The material beneath this line should be printed exactly, with its pictures omitted.
══ EXERCISE DATA
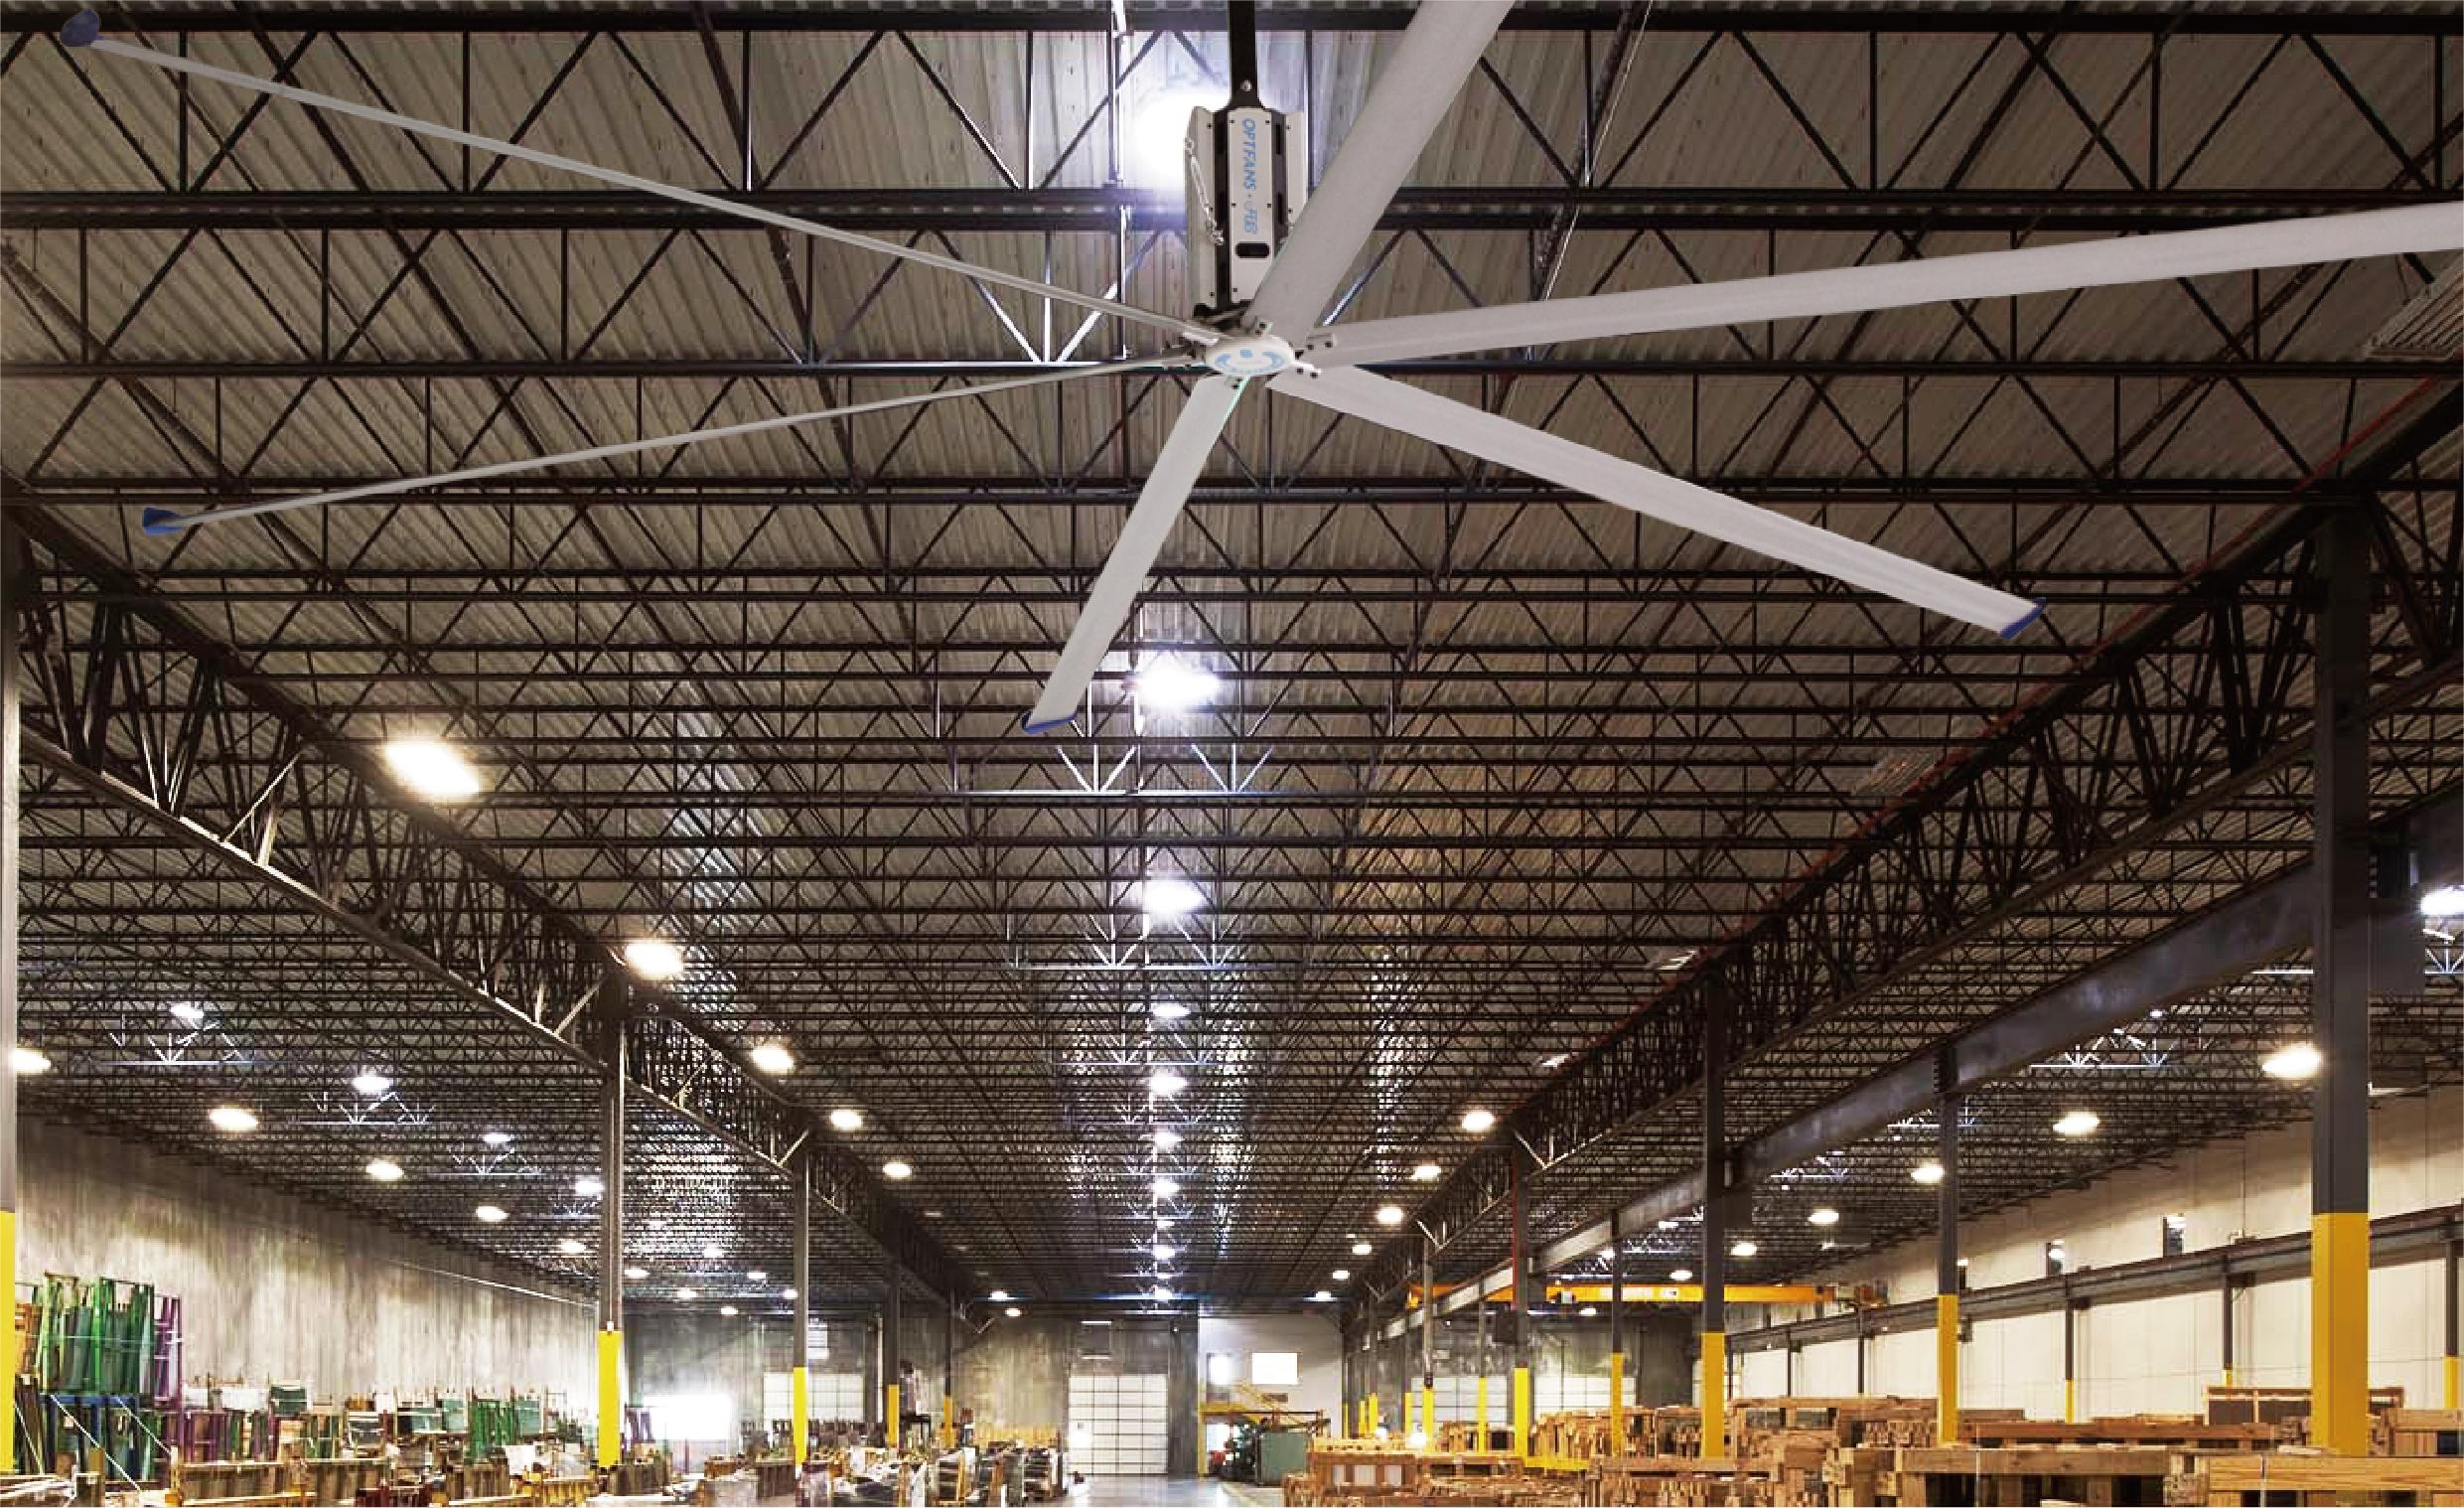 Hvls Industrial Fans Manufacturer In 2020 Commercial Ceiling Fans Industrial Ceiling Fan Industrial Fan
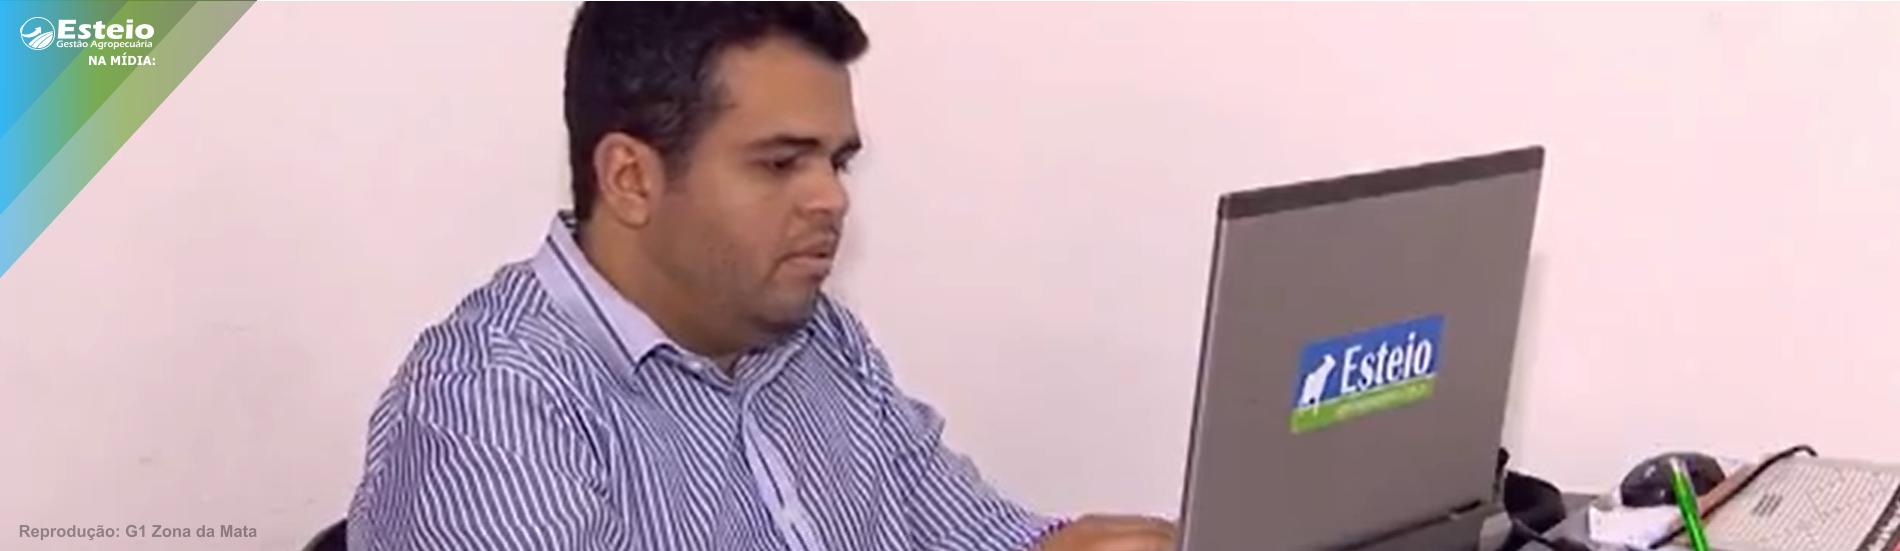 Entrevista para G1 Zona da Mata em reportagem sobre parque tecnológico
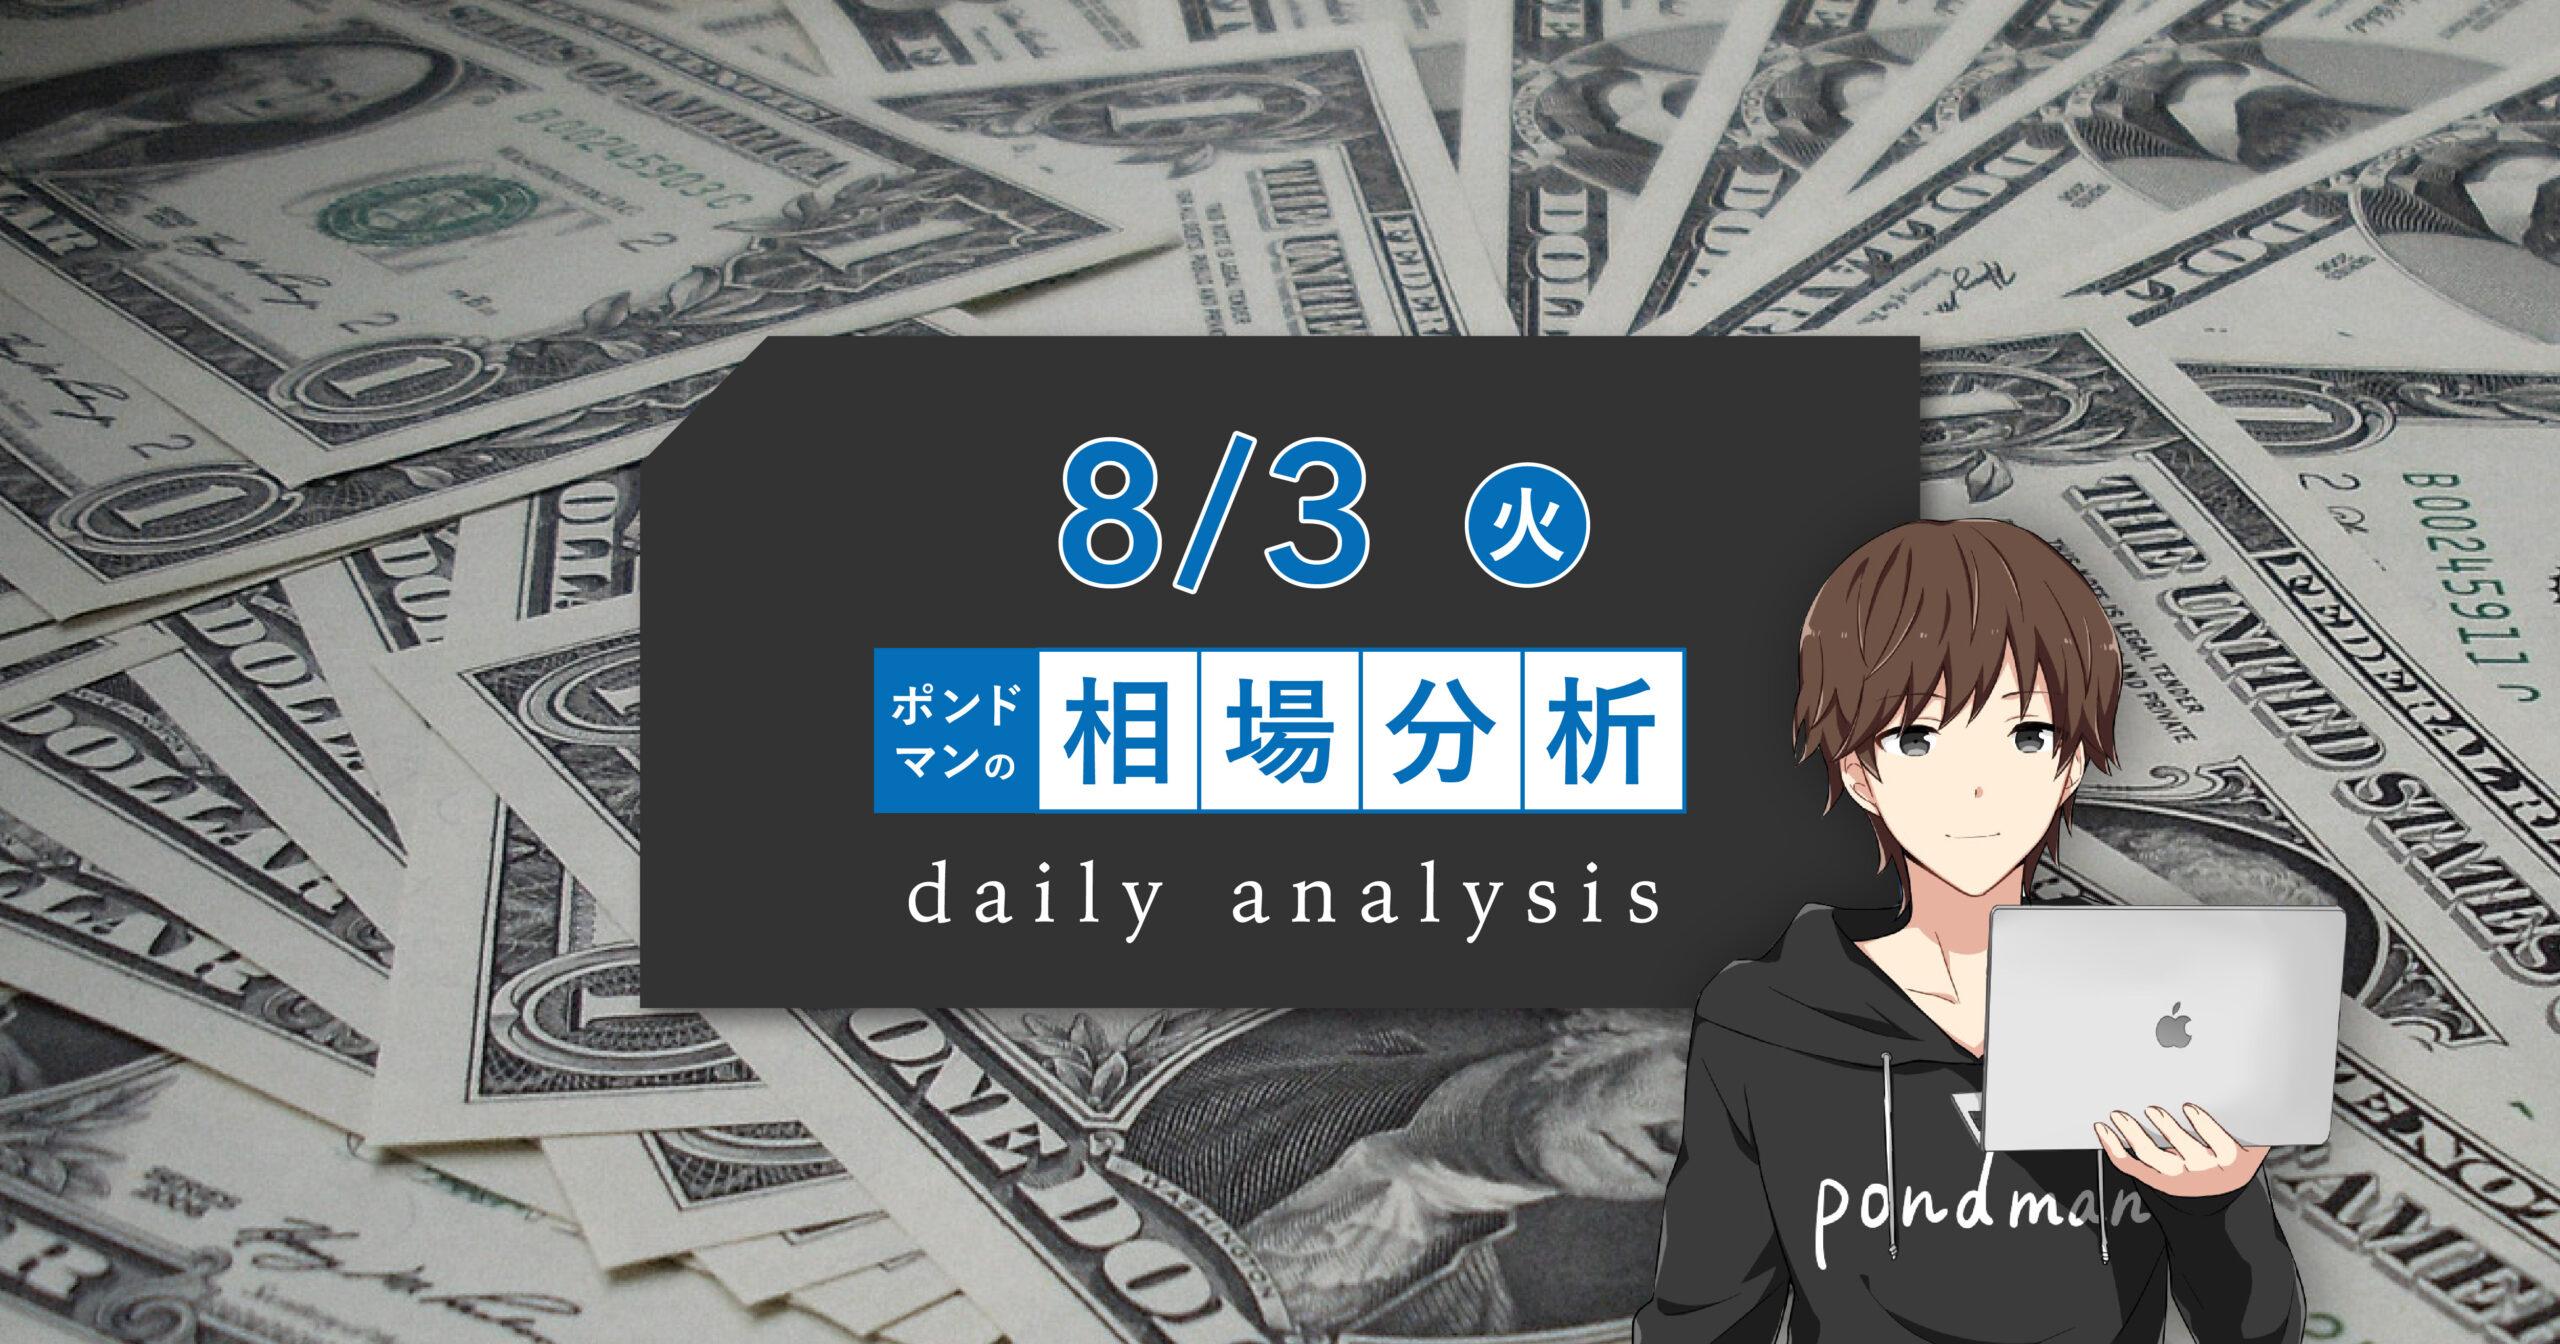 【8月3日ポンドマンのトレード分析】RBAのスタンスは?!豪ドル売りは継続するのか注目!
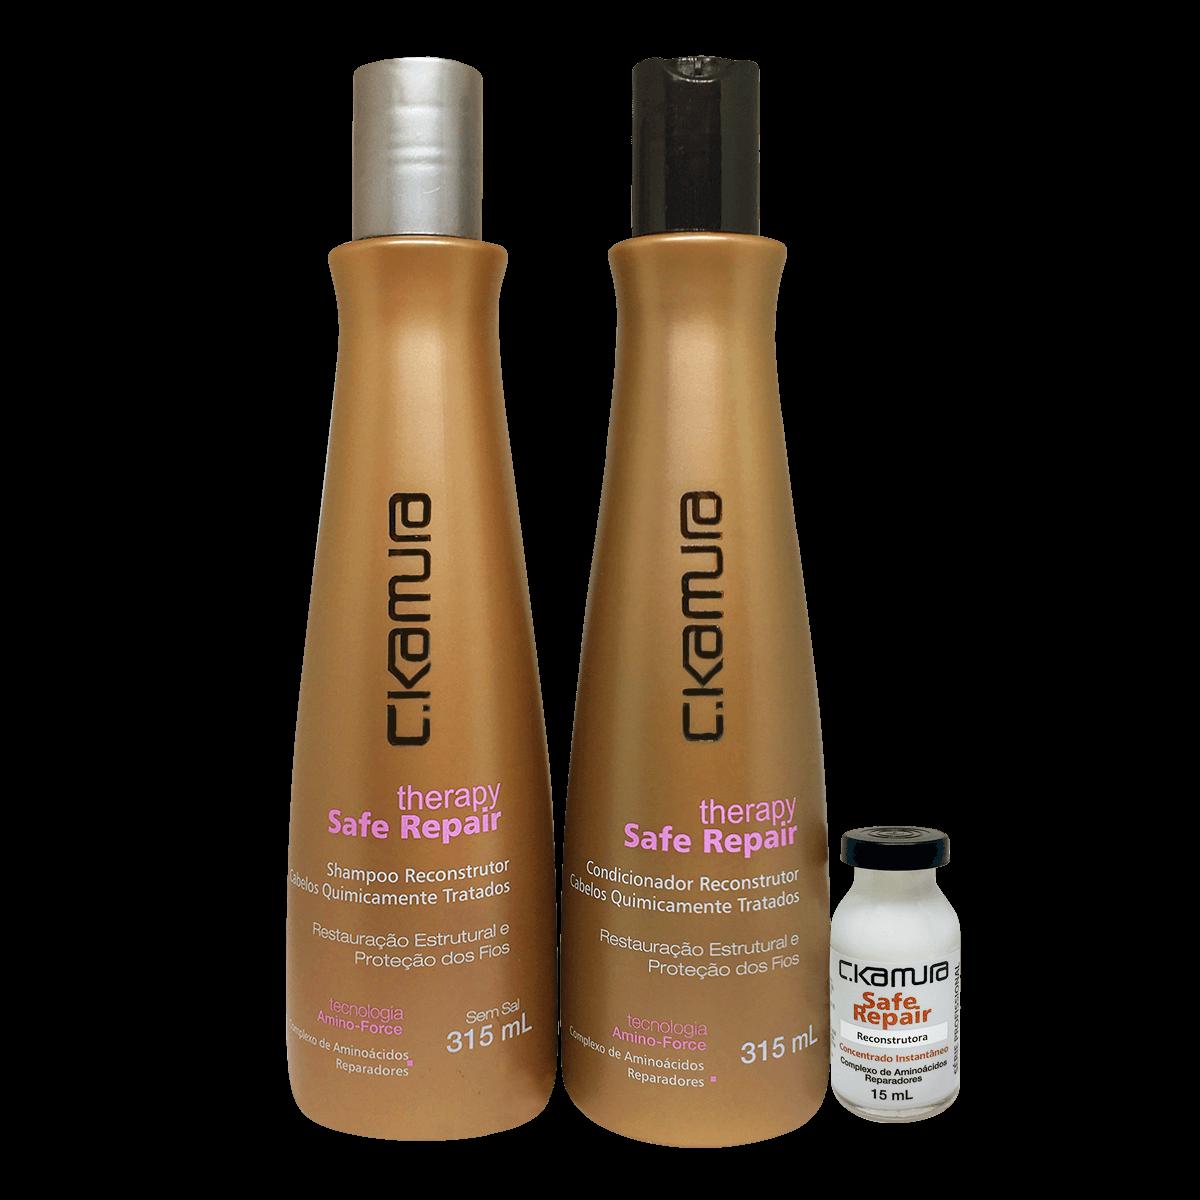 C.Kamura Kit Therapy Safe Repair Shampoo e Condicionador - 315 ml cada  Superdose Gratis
════
◆ RESULT:
 Hvls Industrial Fans Manufacturer In 2020 Commercial Ceiling Fans Industrial Ceiling Fan Industrial Fan
 Entrevista para G1 Zona da Mata em reportagem sobre parque tecnológico
 【8月3日ポンドマンのトレード分析】RBAのスタンスは?!豪ドル売りは継続するのか注目!
 C.Kamura Kit Therapy Safe Repair Shampoo e Condicionador - 315 ml cada  Superdose Gratis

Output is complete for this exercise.